Не это ли воплощает для тебя Чавела Варгас, которая снова появляется в этом фильме, после того как пела в «Кике» песню «Luzdeluna»?

Чавела великая жрица этой религии! Впрочем, пончо, которое она носит, немного похоже на одежды священника во время мессы. А одно она делает очень хорошо, даже лучше, чем большинство других артистов, – раскидывает в стороны руки как бы в жесте распятия. А еще у Чавелы лицо первобытного бога. В фильме у нее роль заступницы, в своей песне она рассказывает о том, что на самом деле происходит с Лео. Когда Лео возвращается к жизни, ей очень плохо, и в этой внешней совершенно абсурдной жизни, подобной телевизионному репортажу с конкурса криков, который каждый год устраивается в небольшой испанской деревушке, появляется образ Чавелы, которая говорит о заброшенности, о том, что она чувствует. Это как галлюцинация! Именно это чувство я хотел выразить.

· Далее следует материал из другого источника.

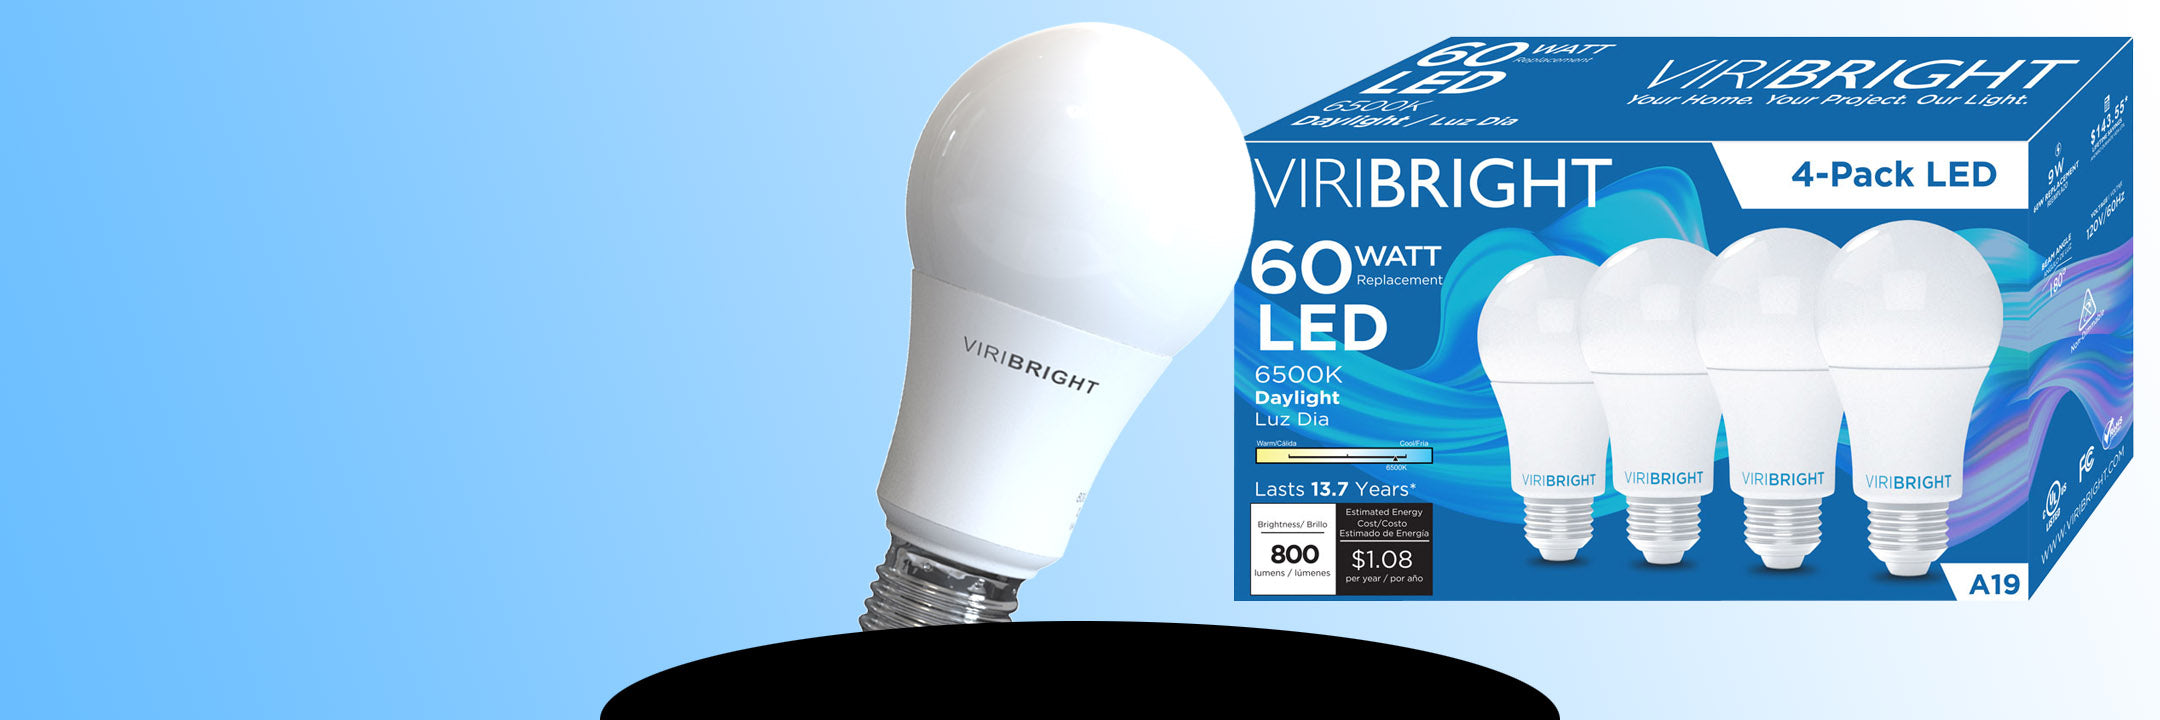 Viribright LED General Light bulbs for all Applications
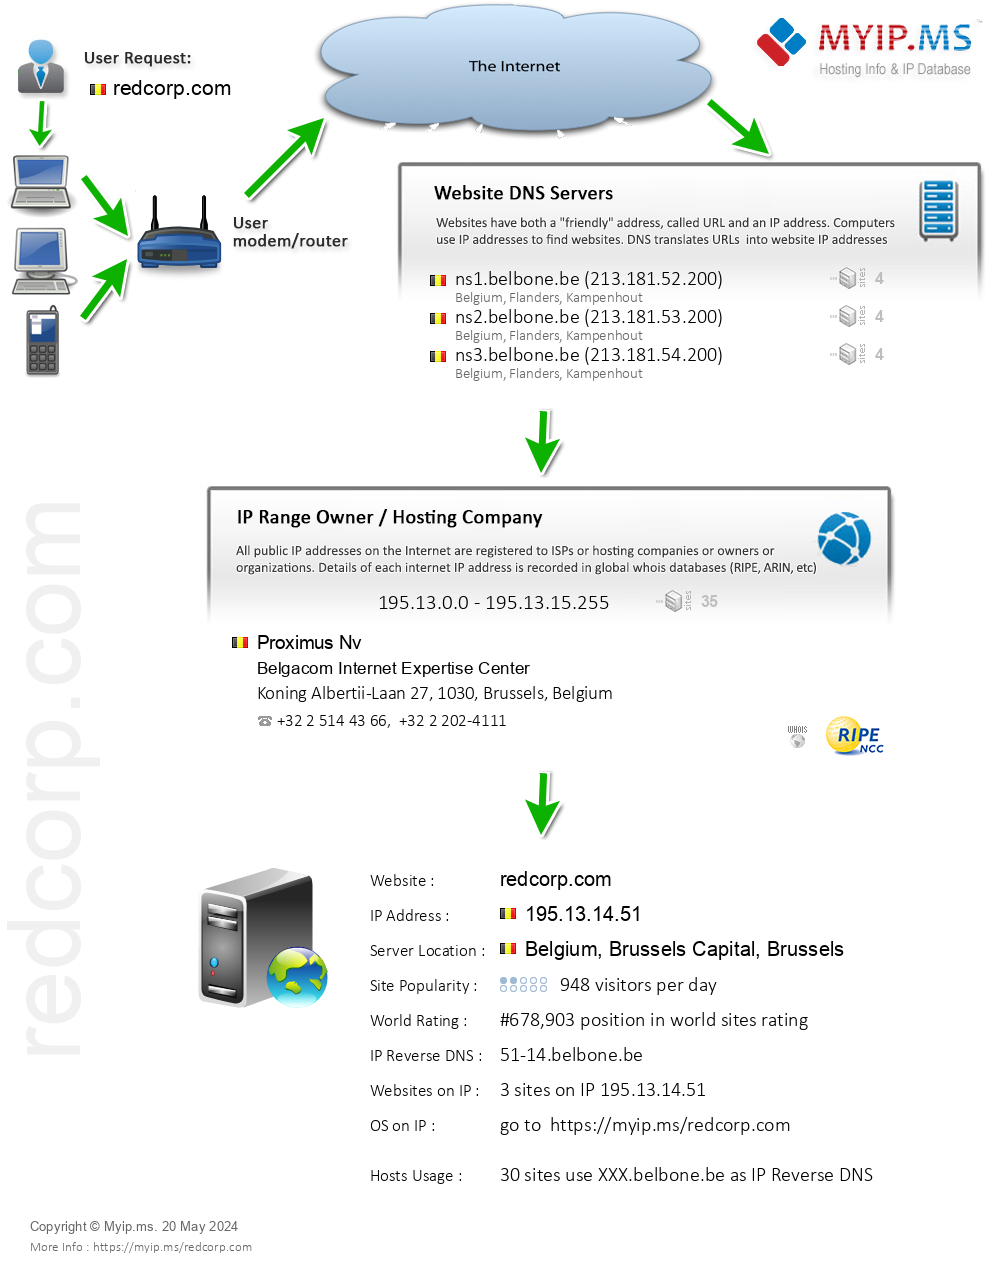 Redcorp.com - Website Hosting Visual IP Diagram

Одиночество, о котором повествует фильм, воспринятое взглядом, проникающим в самую суть, напомнило мне одиночество из твоего рассказа о детстве, являющееся неотъемлемой частью бытия. Возможна ли такая связь?

Такое возможно, но если я об этом и вспомнил, то бессознательно. В фильме присутствует период из моего детства, выраженный явно, например, то, как Лео, читая в патио дома своего детства письма соседей и сочиняя для них письма, обретает связь с литературой и писателями. Это личное воспоминание. У меня было очень одинокое детство, но я наполнял это одиночество вещами, которые, в свою очередь, меня неимоверно подпитывали, и я очень много говорил, даже закатывал длинные монологи! Мне не хочется, чтобы думали, будто я был одиноким ребенком, со всеми вытекающими из этого последствиями, даже если это и правда. Я не считаю себя таким.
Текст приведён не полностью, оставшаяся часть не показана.